Enterprises face a dual mandate: regulatory pressure to adopt post-quantum cryptography (CNSA 2.0, NIST FIPS 203, deadline 2035) and the need to maintain query performance on large-scale columnar data warehouses.

The naive approach - applying ML-KEM-768 at the row level - costs 9,600ms for 1M rows even with 4-core parallelization. That establishes the upper bound of the problem: PQC done wrong is unusable at analytical query scale.

The Solution

QPQT redesigns the storage format around PQC cost:

Hybrid KEM construction - ML-KEM-768 is used once per 4,096-row page to encapsulate an AES-256-GCM page key. This reduces KEM operations from 1M to 250 per million rows.
Fully separated column sections - structural (unencrypted) and PQC columns are physically isolated on disk at 4KB OS page boundaries. Predicates run on structural columns without loading the PQC section into CPU cache.
Row-granular lazy decryption - predicates execute on cheap structural columns first. Only the individual rows that survive the predicate trigger KEM decapsulation and AES-GCM decryption.
O(1) manifest lookup - a flat crypto manifest in the footer maps any row to its page key via pointer arithmetic.

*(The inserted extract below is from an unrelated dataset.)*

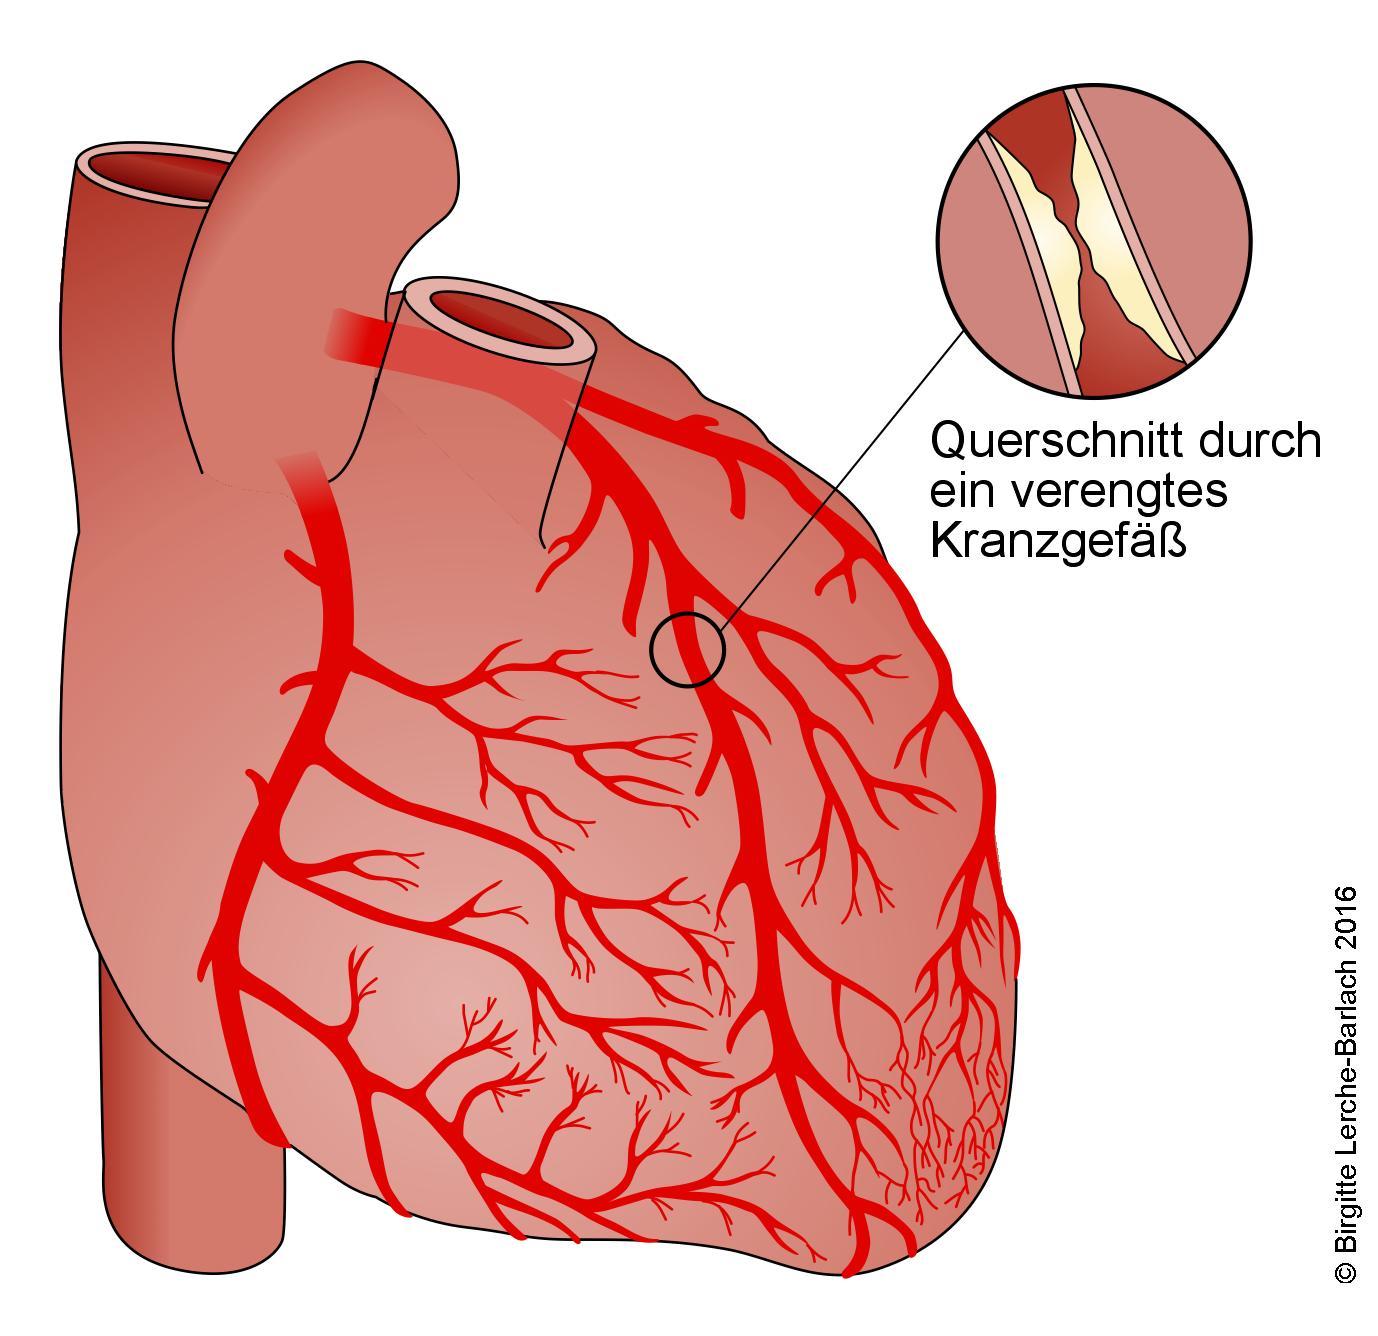 Herz mit Herzkranzgefäßen und Verengung (Stenose)

Performance - Honest Three-Baseline Comparison

Benchmarked on Kaggle Xeon CPU (4 cores), 1M rows, real ML-KEM-768 + AES-256-GCM.

Two baselines are measured, not estimated:

Naive per-row PQC - row-level ML-KEM encapsulation. Establishes the upper bound of the problem. This is what a quick liboqs integration produces.
Competent per-page PQC - the correct hybrid KEM construction (per-page ML-KEM + AES-GCM, exactly like QPQT) but stored in a plain layout with no column separation and no lazy decryption. It decrypts every row in the queried column because decryption is chunk-granular. This isolates QPQT's actual contribution.

Selectivity	Naive per-row	Competent per-page	QPQT	QPQT vs competent
1%	9,600ms	2,150ms	78ms	27.6x
5%	9,600ms	2,111ms	163ms	12.9x
10%	9,600ms	2,113ms	264ms	8.0x
25%	9,600ms	2,103ms	557ms	3.8x
50%	9,600ms	2,148ms	1,055ms	2.0x
100%	9,600ms	2,147ms	2,098ms	1.02x (no advantage)

Reading this table honestly:

QPQT's contribution is row-granular lazy decryption. At low selectivity - the common case for analytical queries - it decrypts orders of magnitude fewer rows than a competent columnar-unaware implementation, giving 8-27x.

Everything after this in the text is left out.